基于磁共振成像中B₁图的电阻抗断层成像：原理、应用与挑战

Electrical Properties Tomography Based on $B_{{1}}$ Maps in MRI: Principles, Applications, and Challenges.

作者信息

Liu Jiaen, Wang Yicun, Katscher Ulrich, He Bin

出版信息

IEEE Trans Biomed Eng. 2017 Nov;64(11):2515-2530. doi: 10.1109/TBME.2017.2725140. Epub 2017 Aug 21.

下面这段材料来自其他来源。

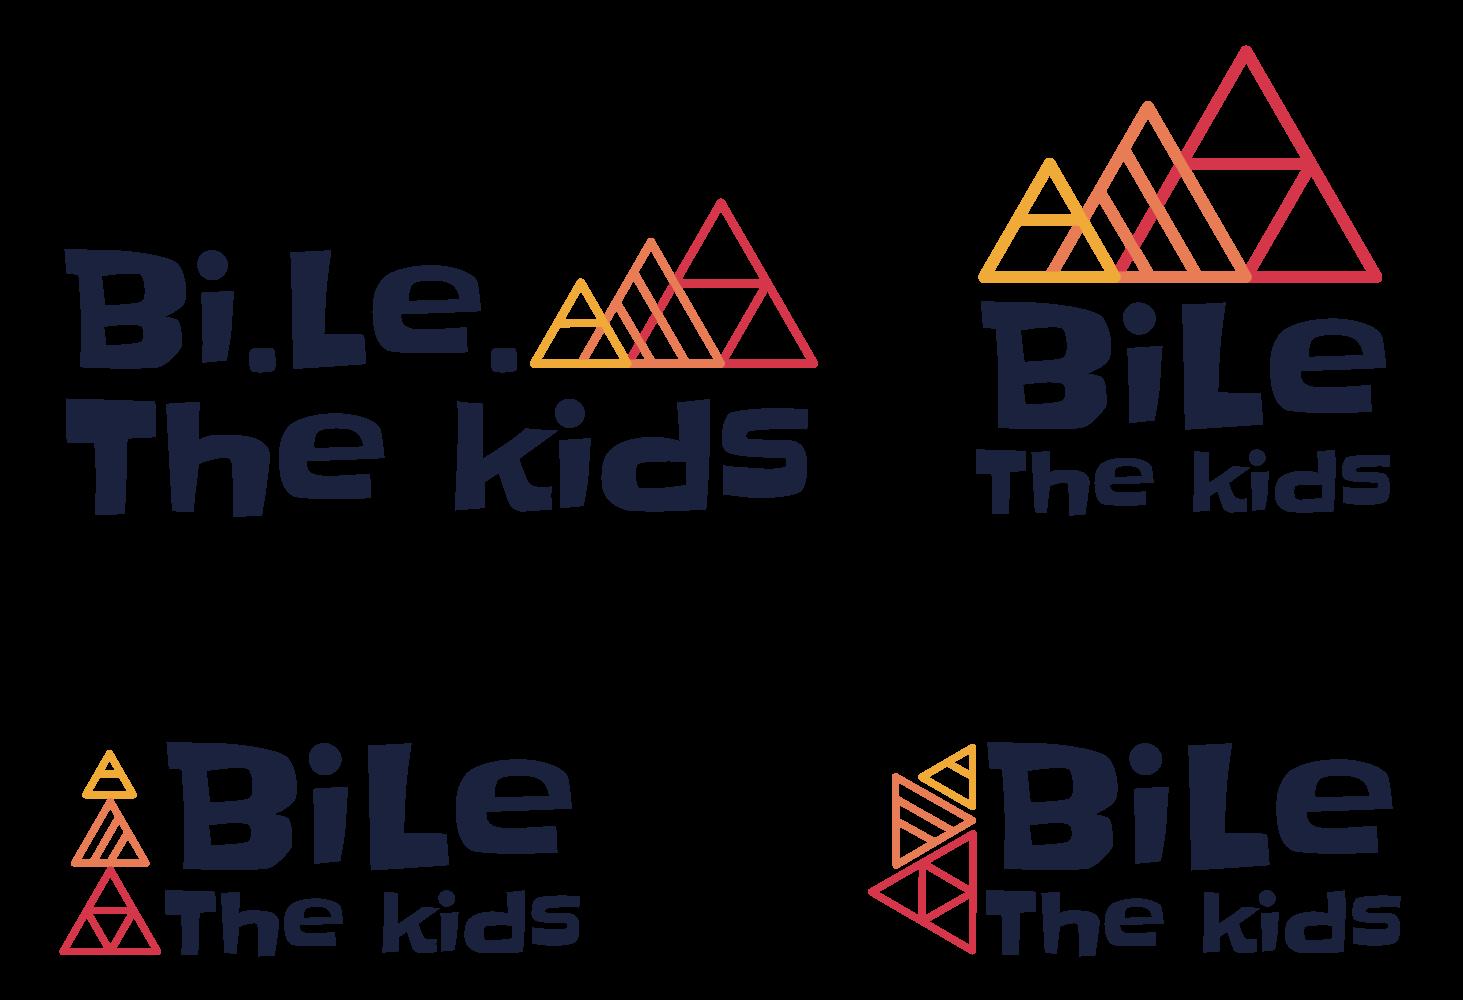 BILETHEKIDS-variaciones-logo

DOI:10.1109/TBME.2017.2725140

PMID:28829299

原文链接:https://pmc.ncbi.nlm.nih.gov/articles/PMC5675043/

Abstract

OBJECTIVE

The purpose is to provide a comprehensive review of the electrical properties tomography (EPT) technique, which was introduced to image the electrical properties (EPs) of tissue noninvasively by exploiting the measured field data of MRI.

METHODS

We reviewed the principle of EPT, reconstruction methods, biomedical applications such as tumor imaging, and existing challenges. As a key application of EPT, the estimation of specific absorption rate (SAR) due to MRI was discussed in the background of elevated risk of tissue heating at high field.

RESULTS AND CONCLUSION

Since the originally proposed local, homogeneous Helmholtz equation-based reconstruction algorithm, advanced EPT algorithms have emerged to address the challenges of EPT, including reconstruction error near tissue boundaries, noise sensitivity, inaccurate phase estimation, and elimination of the unmeasurable component, along with demonstrations of in vivo experiments. EPT techniques have been applied to investigate EPs of both healthy and pathological tissues in vivo and factors contributing to various EP value, including sodium, water content, etc. More studies are anticipated to consolidate the current findings. EPT-based subject-specific SAR estimation has led to in vivo demonstration of its feasibility and prediction of temperature increase of phantom during MRI scans merely using measured data.

SIGNIFICANCE

EPT has the advantage of high resolution and practical feasibility in a clinical setup for imaging the biomedically interesting EPs of tissue in the radiofrequency range. EPT-based SAR estimation is another promising topic for predicting tissue heating of individual subjects during a specific MRI scan.

摘要

目的

旨在对电阻抗断层成像（EPT）技术进行全面综述，该技术通过利用磁共振成像（MRI）的测量场数据对组织的电阻抗特性进行无创成像。

方法

我们回顾了EPT的原理、重建方法、肿瘤成像等生物医学应用以及现存挑战。作为EPT的一项关键应用，在高场下组织发热风险增加的背景下，讨论了MRI引起的比吸收率（SAR）的估计。

结果与结论

自最初提出基于局部、均匀亥姆霍兹方程的重建算法以来，先进的EPT算法不断涌现，以应对EPT面临的挑战，包括组织边界附近的重建误差、噪声敏感性、相位估计不准确以及不可测量分量的消除，同时还展示了体内实验。EPT技术已被应用于研究健康和病理组织在体内的电阻抗特性以及导致各种电阻抗值的因素，包括钠、含水量等。预计会有更多研究来巩固当前的研究结果。基于EPT的个体特异性SAR估计已在体内证明了其可行性，并仅使用测量数据预测了MRI扫描期间体模的温度升高。

意义

EPT在临床环境中对射频范围内组织的生物医学相关电阻抗特性进行成像具有高分辨率和实际可行性的优势。基于EPT的SAR估计是预测特定MRI扫描期间个体受试者组织发热的另一个有前景的课题。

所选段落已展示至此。